Court Opinion

ID: 7505316
Source: CourtListenerOpinion
Date Created: 2022-07-29 04:30:32.593878+00
Date Added: 2024-06-11T16:23:19.599483
License: Public Domain

CHIASSON, Judge.
Appellant, Walter E. Belanger, appeals the trial court’s decision awarding $1,237.50 to Harry L. Beacham and Company, Ltd. (Beacham) for accounting services rendered. Beacham answered the appeal seeking to have the award increased to $2,475.00.
Beacham filed suit seeking judgment for $2,475.00 for accounting services which Beacham contends were rendered personally to Belanger. In his answer to the suit Belanger, denying obligation for the debt, asserted that the services were not rendered for him personally, but were instead performed for Tasco, Inc., a bankrupt corporation of which he was an officer.

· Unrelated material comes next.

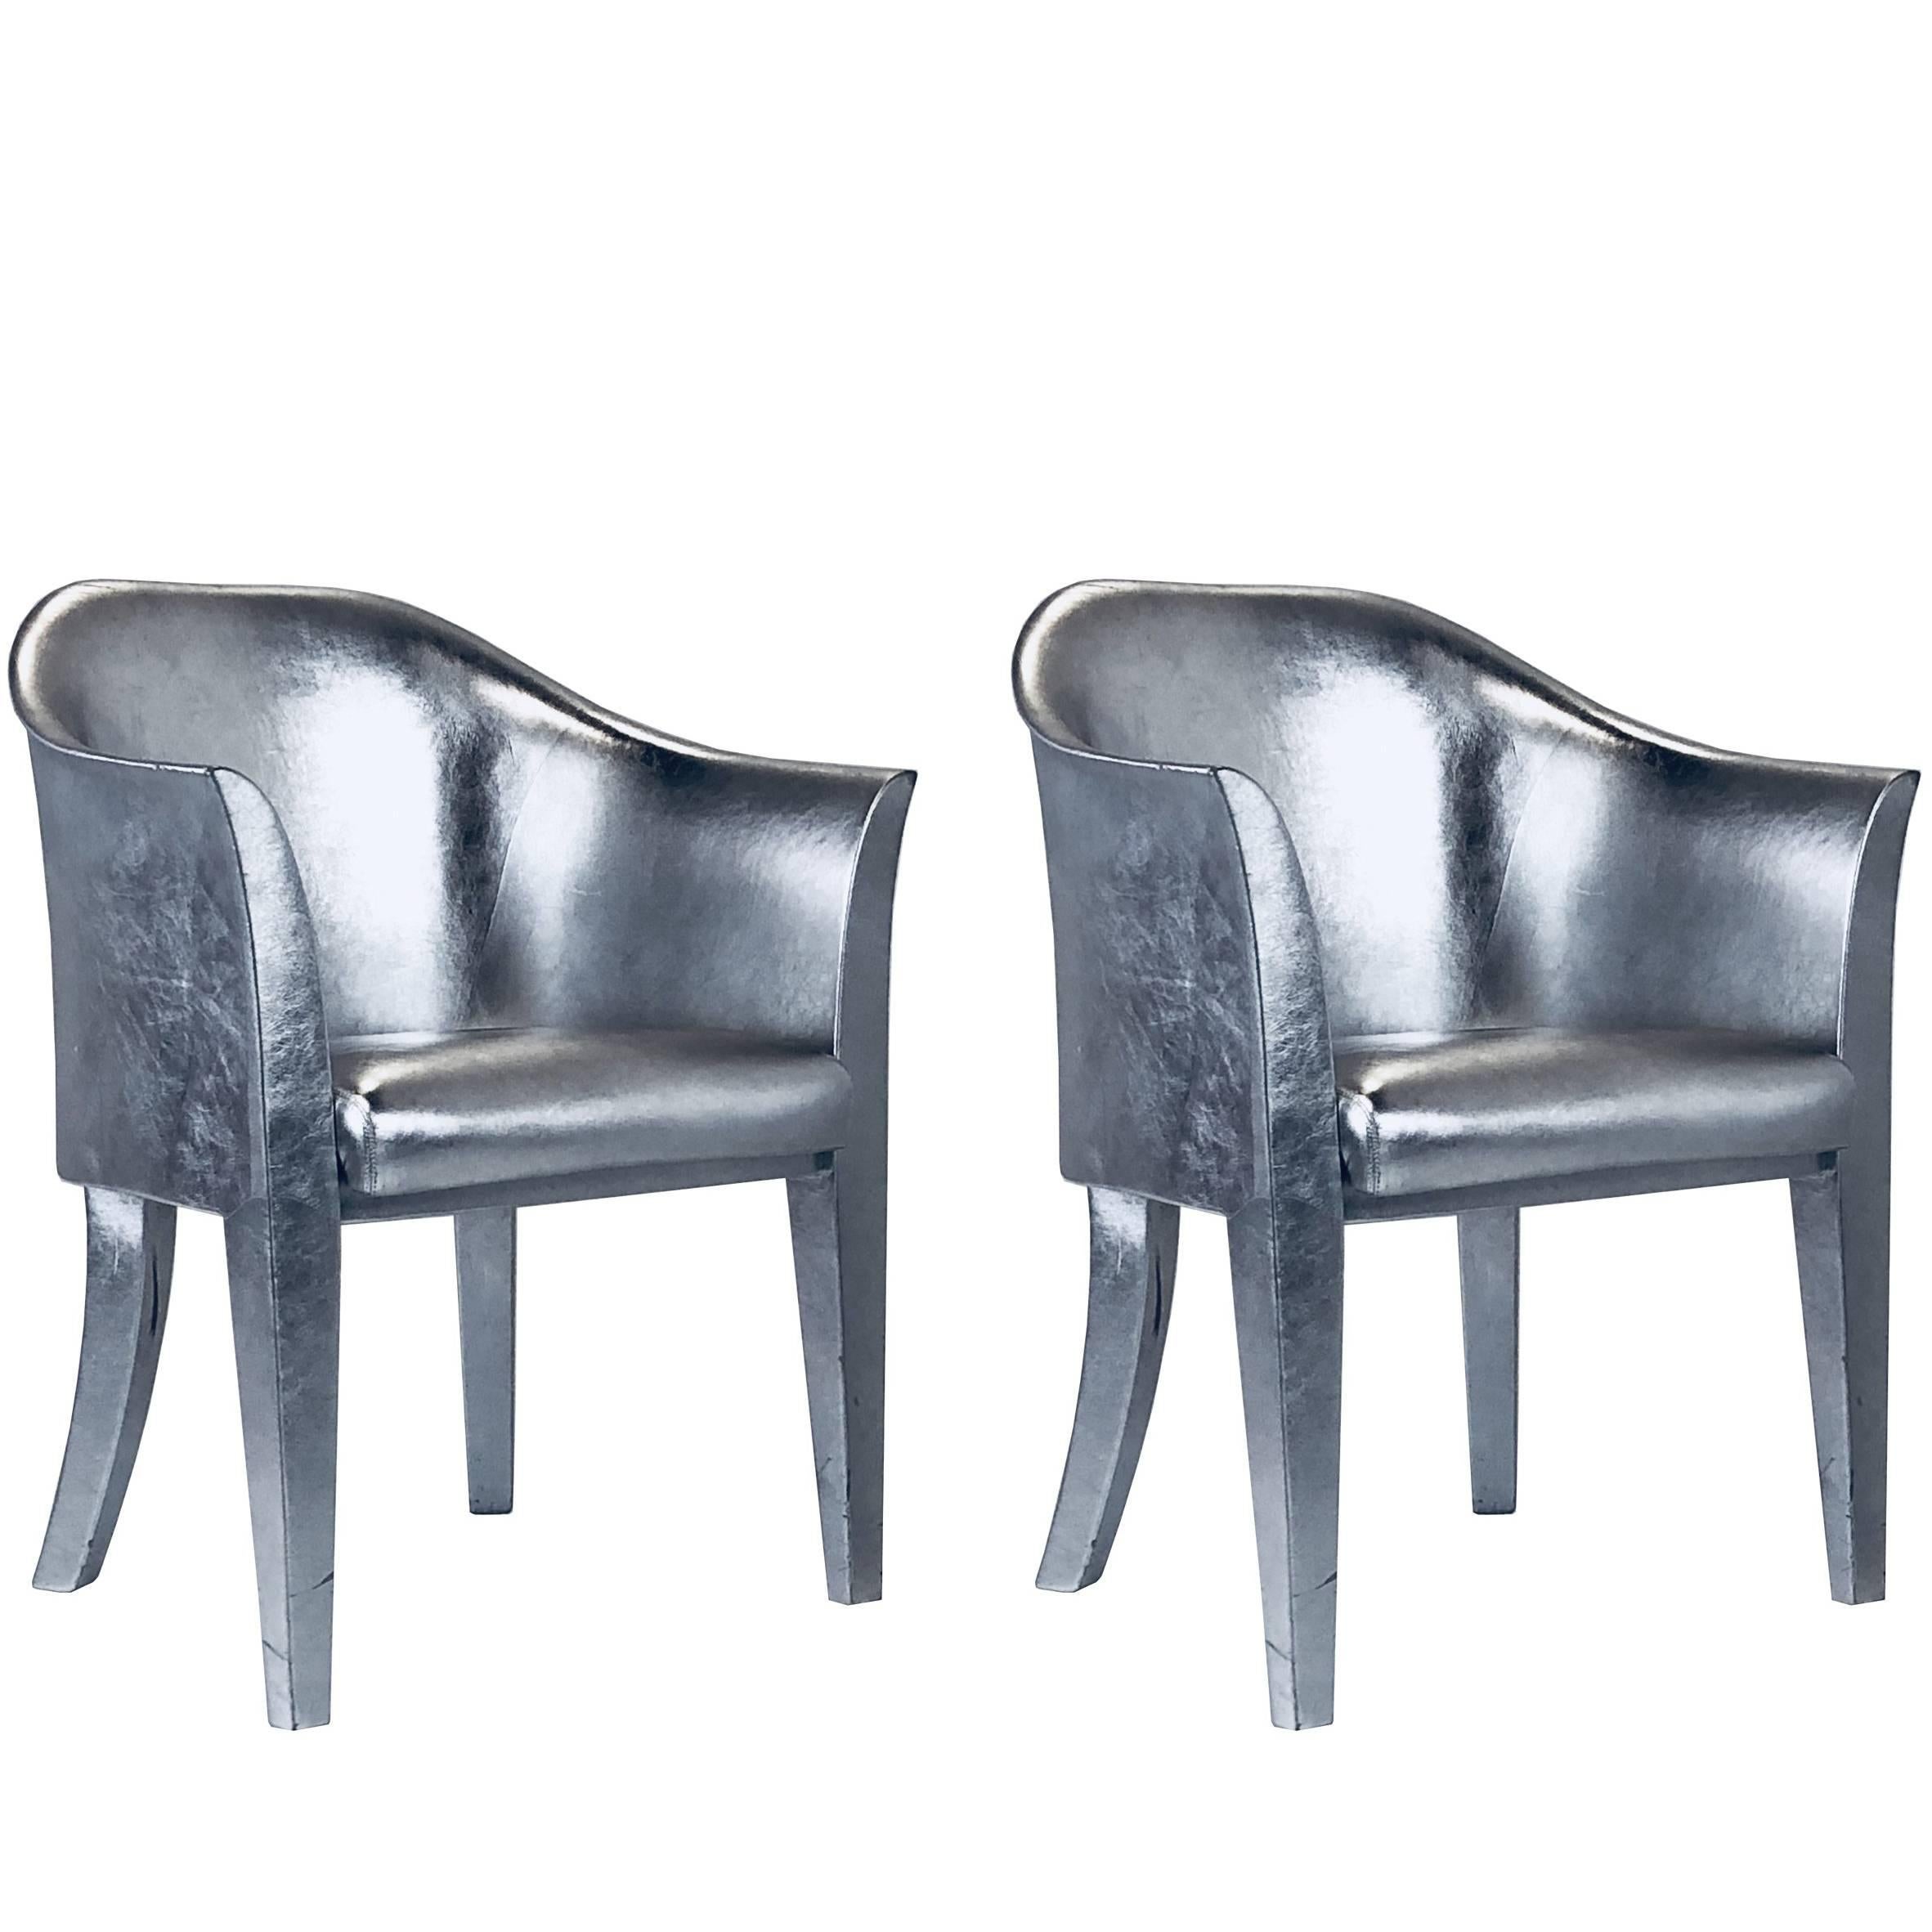 Pair of Metallic Silver Leather Armchairs Signed Karl Springer
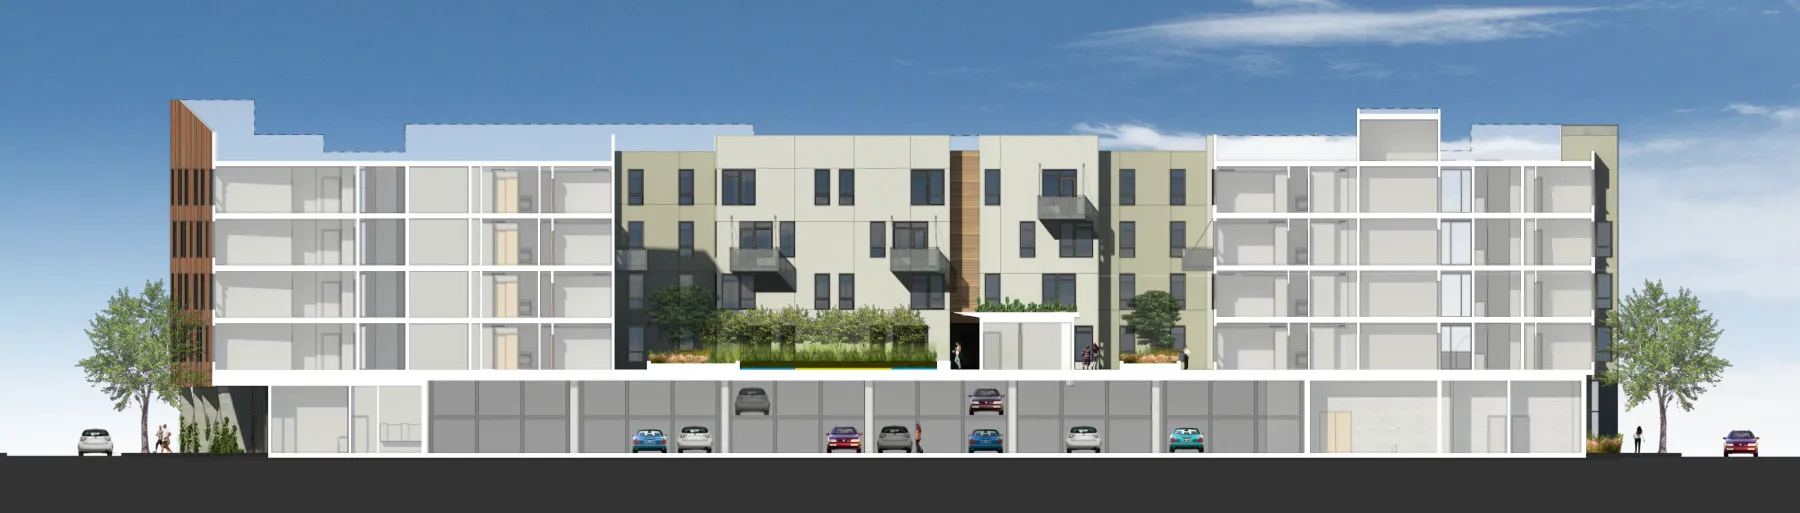 Rendered street view of Five88 in San Francisco from the north south.

The trial judge found that audit work for Tasco, Inc. and personal services for Belan-ger in preparation of a SBA loan application were performed by Beacham and billed jointly without specifying what charges were for the audit and what charges were for the loan work. At trial no evidence was introduced differentiating the charges for these services.
In written reasons the trial judge awarded one-half ($1,237.50) of the amount sued for on the basis of quantum meruit.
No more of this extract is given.